The gold price was drifting sideways on Thursday, down some $50 an ounce from a brief (but glorious) near seven-year intraday high above $1,600 an ounce a fortnight ago.
But the metal remains firmly in a bull market with a 20%-plus rise over the past year. Go back 20 years, and the rally is even more spectacular considering at the turn of the century gold was trading for a relative pittance of $270 an ounce.
Is gold overvalued at these levels? Has the rise been too far, too fast? Are gold bugs (once again) guilty of irrational exuberance?
In comparison to stock markets, the answer is a resounding no. The gold price’s underperformance relative to the record–setting S&P 500 Index is stark.
Today, you need little over two ounces to buy the market. The ratio was the same in September 2007 when an ounce of gold could be picked up for less than $600.
The average over the long term – and we’re talking 90-years here – is 1.31.
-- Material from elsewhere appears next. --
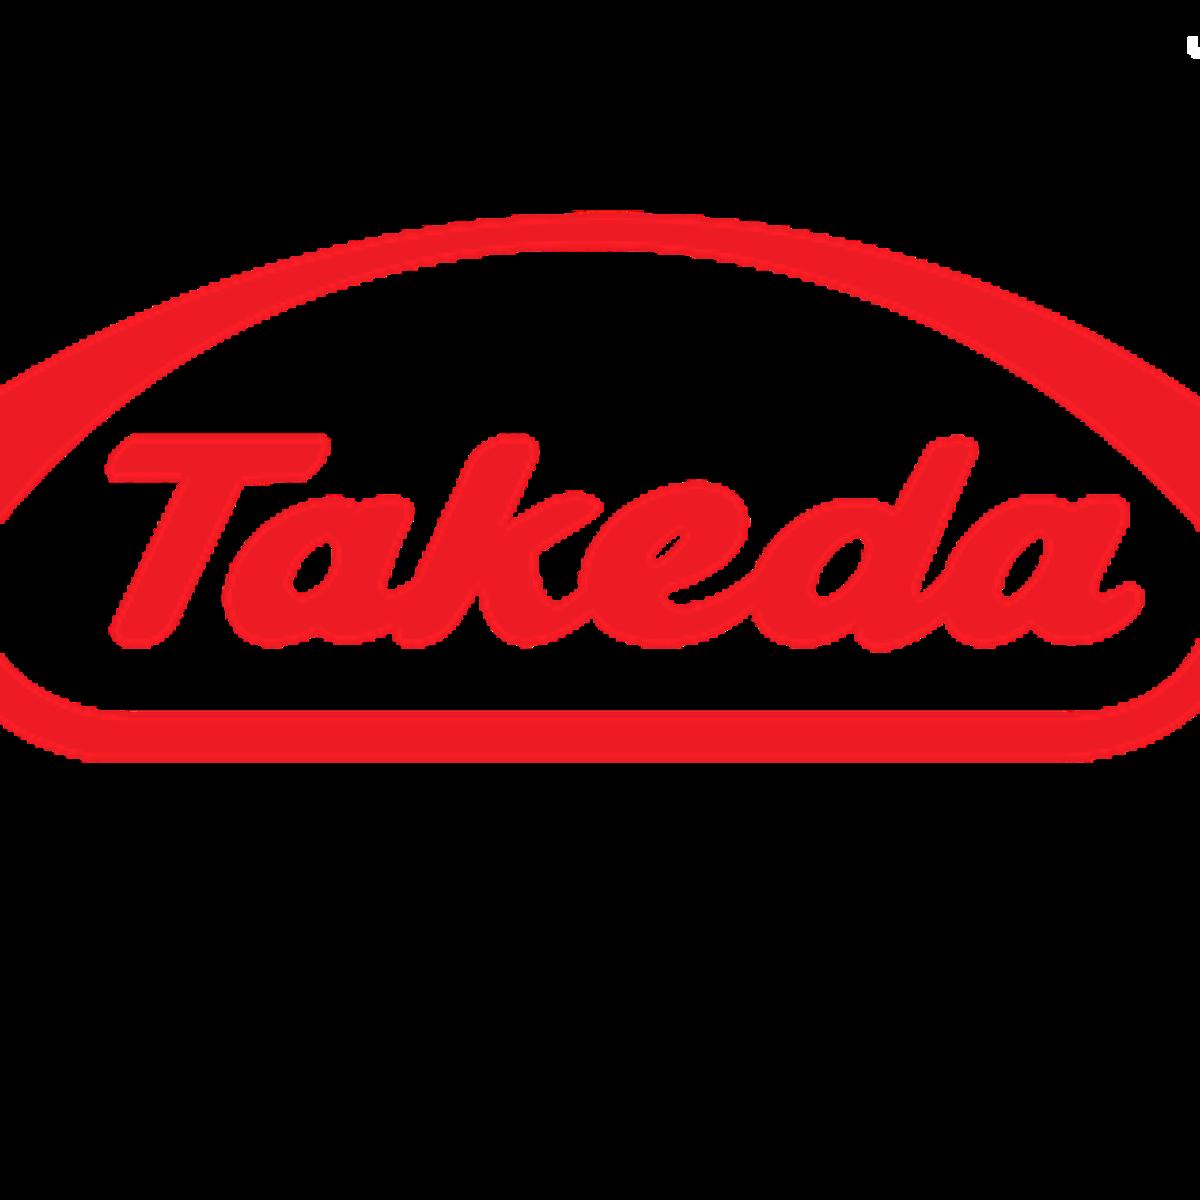 Takeda logo clipart clipart library June 2019 – Page 1231 – animesubindo.co clipart library
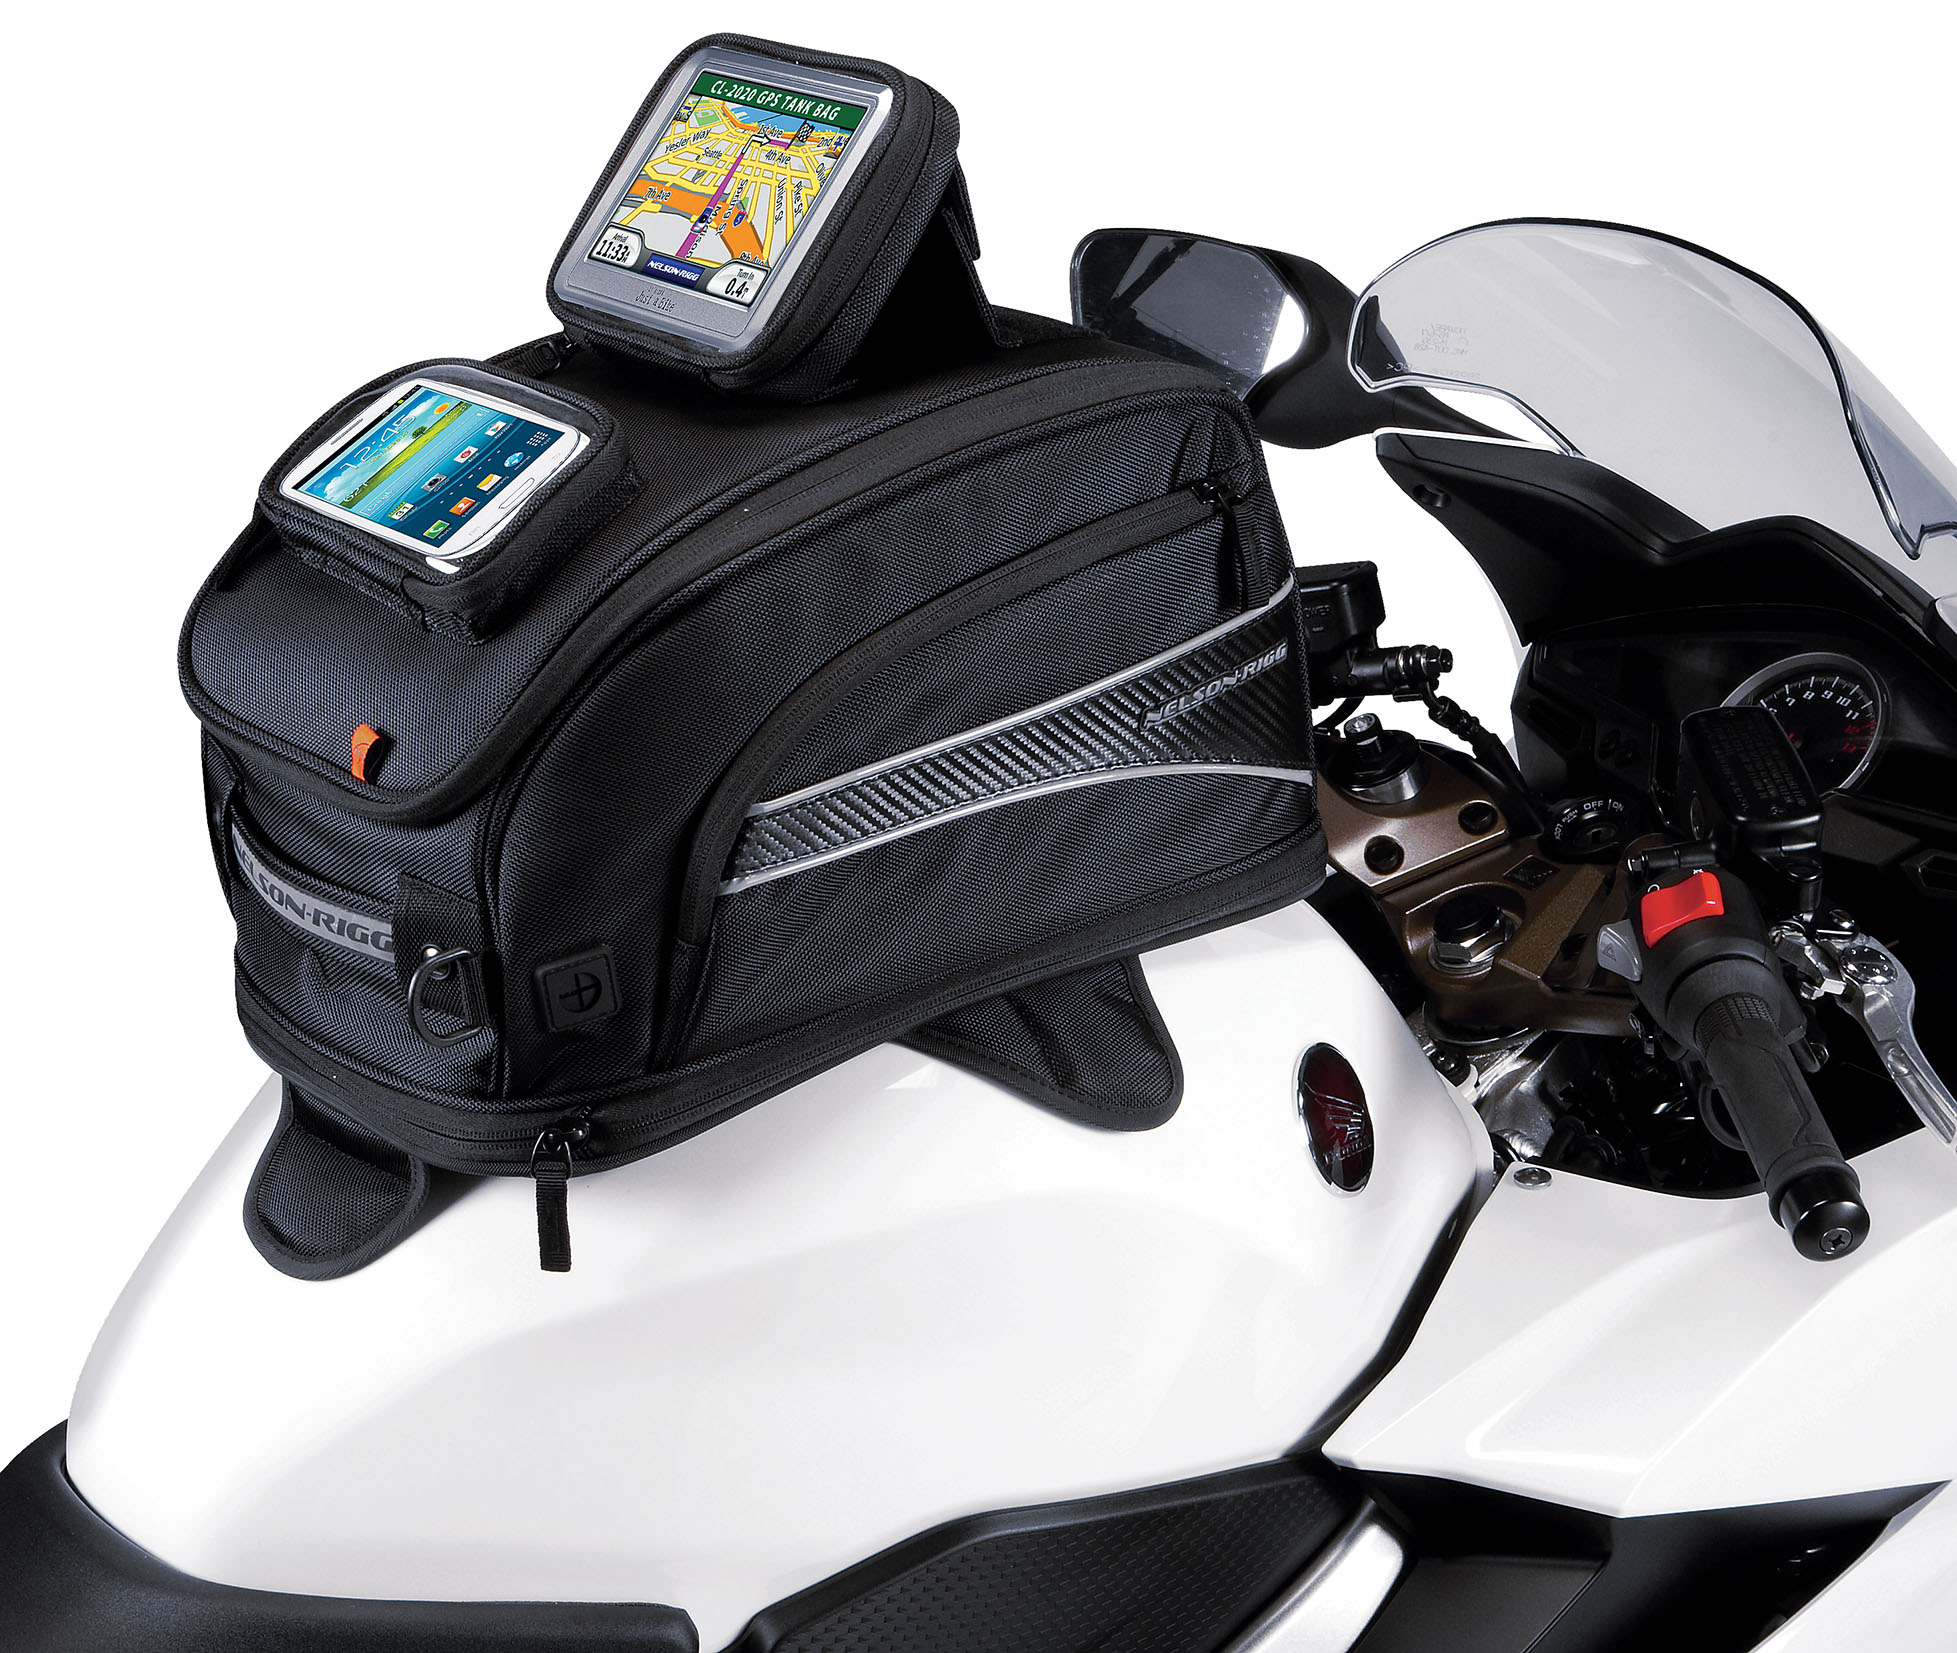 Cl 2020 Gps Sport Motorcycle Tank Bag Image

Since the US left the gold standard entirely in August 1971, it’s 1.55. That implies a fair value for gold north of $2,400 an ounce, which either means gold bugs’ party has only begun or stocks are in for a real beating.
You can argue that during gold’s spike in 1980 to $850 an ounce – in inflation-adjusted terms still the all-time high – it lost touch with stock values (and some would say reality) entirely.
But the recent peak – when gold hit a record around $1,900 an ounce in 2011 – did not constitute a wild deviation from the norm and based on relative value could be in reach once again.